Third, the back half of Australia's innings fell apart, and it did not seem to matter. Elyse Villani made her second golden duck of the tournament. Alyssa Healy offered a tantalising glimpse of her strokeplay, then holed out to a full toss. The rest followed, the last six wickets in 40 runs.

And yet, it did not seem to matter. South Africa had never beaten Australia, whose top order had presumptively made up any shortfall, and a chase of 270 would have been a World Cup record.

In the end, being dismissed just let Australia start bowling out the other mob early.

Which is what happened without much fuss. Even with a decent partnership between Wolvaardt and Trisha Chetty, South Africa never looked genuinely in the chase. Aside from Gardner keeping the runs down, Kristen Beams and Jess Jonassen did the same and took wickets.

All through this tournament, Australia has relied on spinners to the exclusion of seam. The options are limited, only Megan Schutt and Ellyse Perry bowl proper medium pace. This was exposed against England, where Sarah Aley would have been invaluable at the death.

Yet that was the only game where the Australians were punished. The other matches, they have got away with that lack of range.

It seems a simple equation - bring Aley in down the order, shift someone out from the middle, and you have a far more versatile playing line-up to handle a range of conditions.

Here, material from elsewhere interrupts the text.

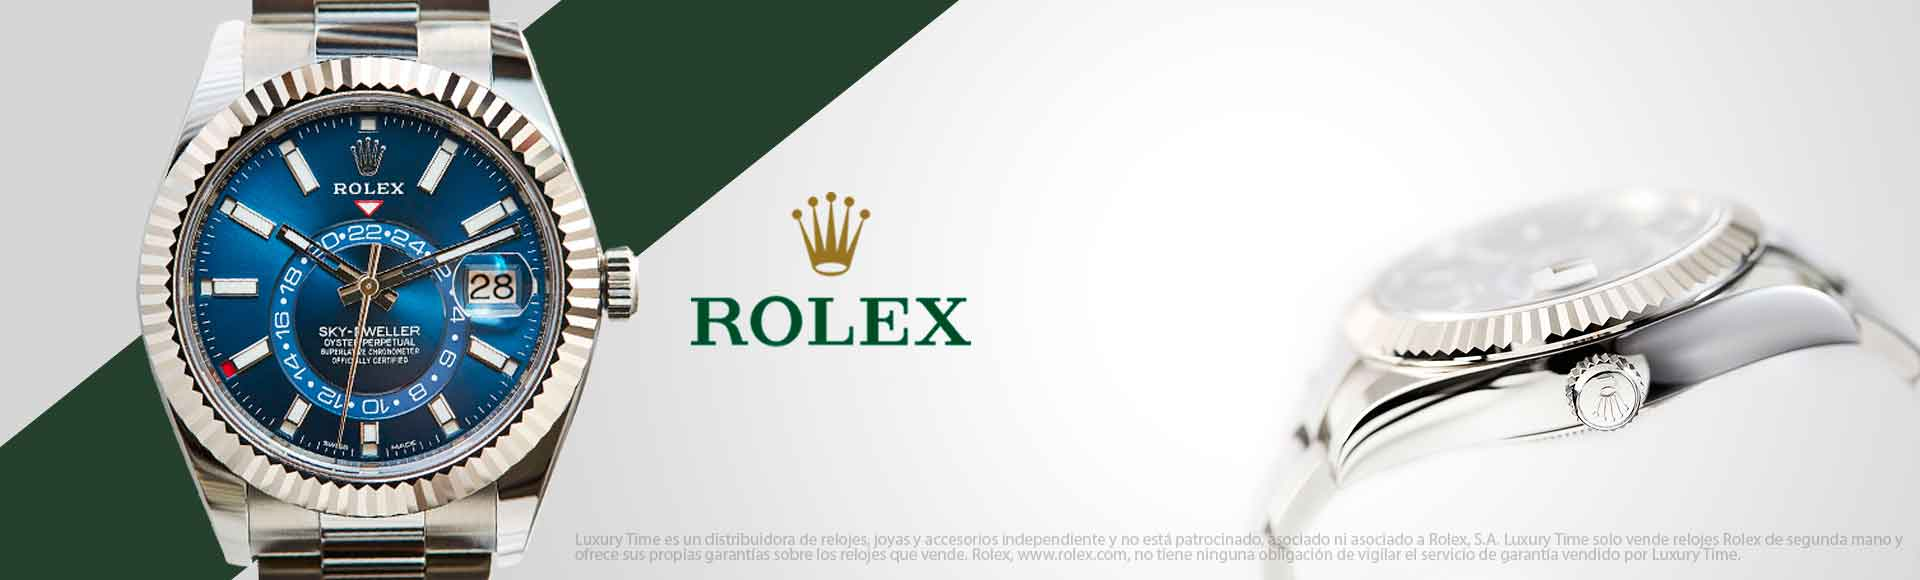 Rolex Luxury Time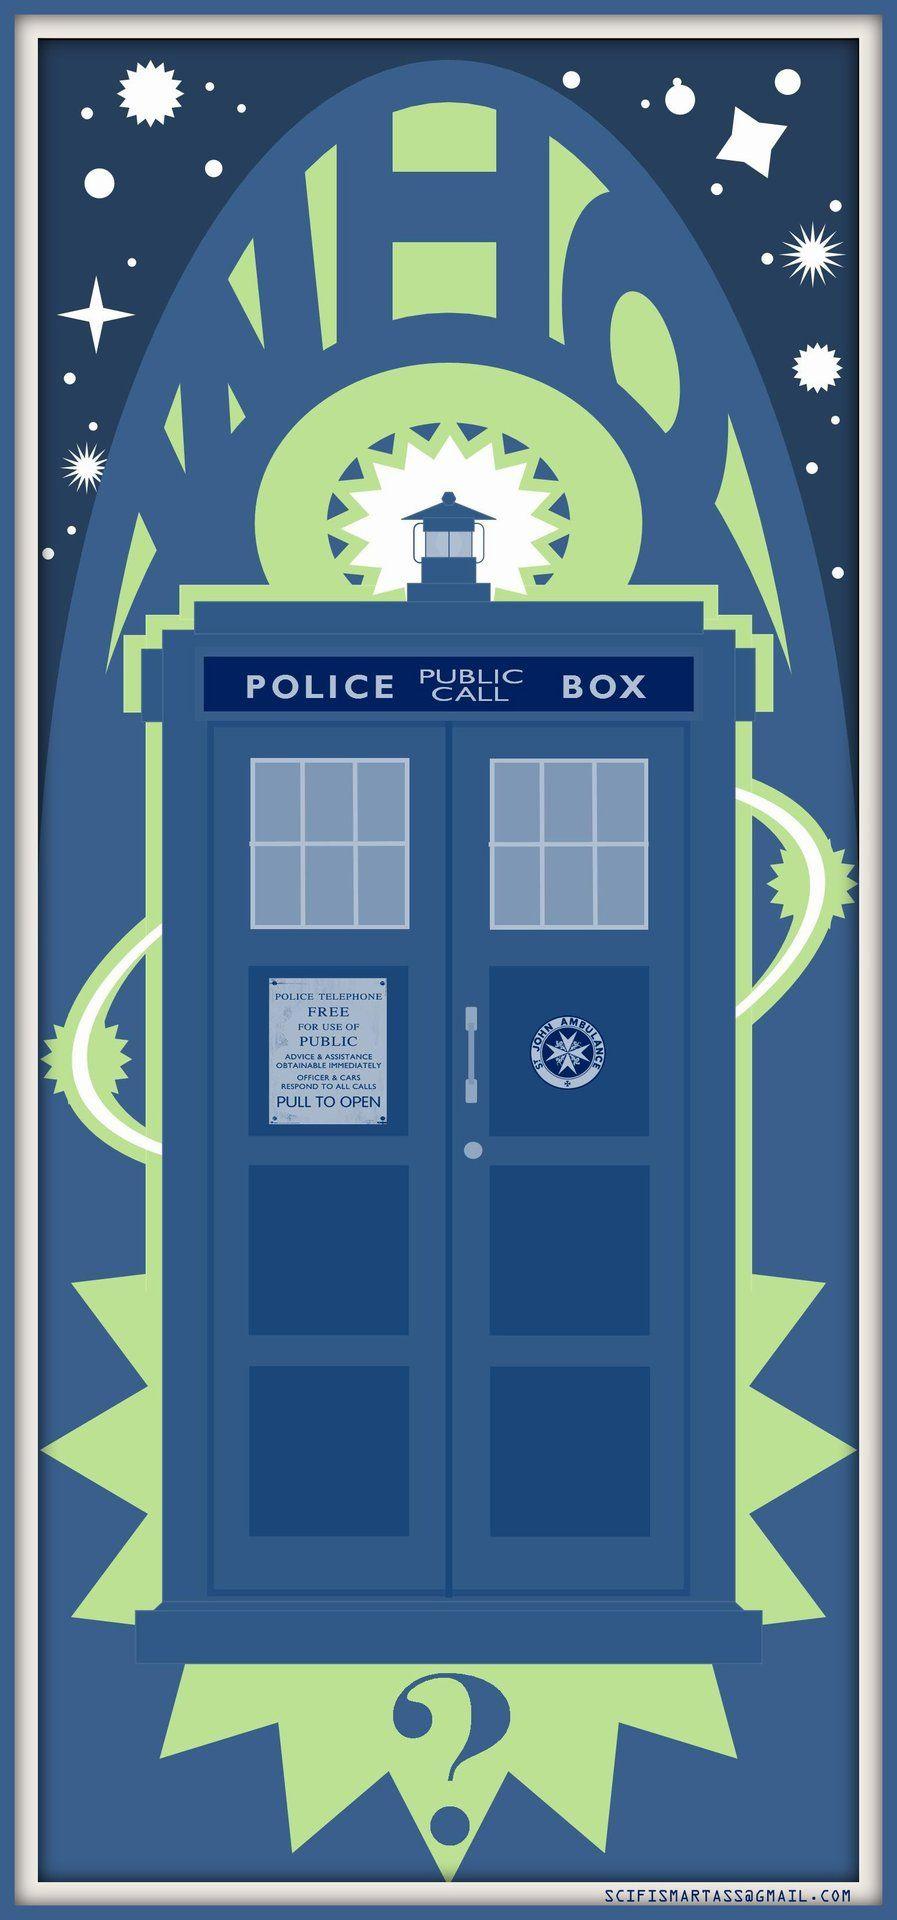 TARDIS.

But whatever the wisdom, or whatever the conventional approach should be, Australia keeps disregarding it. And it keeps not seeming to matter. Australia is in a semi-final, second only to England, and taking on the Indian team beaten so soundly with the same line-up a few days ago.

This latest win was not that of a well-oiled machine. It involved improvisation, luck, imperfections. But this team does not have to be perfect to be intimidating. Beating another semi-finalist so comfortably while also being so far from perfection - that is intimidating enough in itself.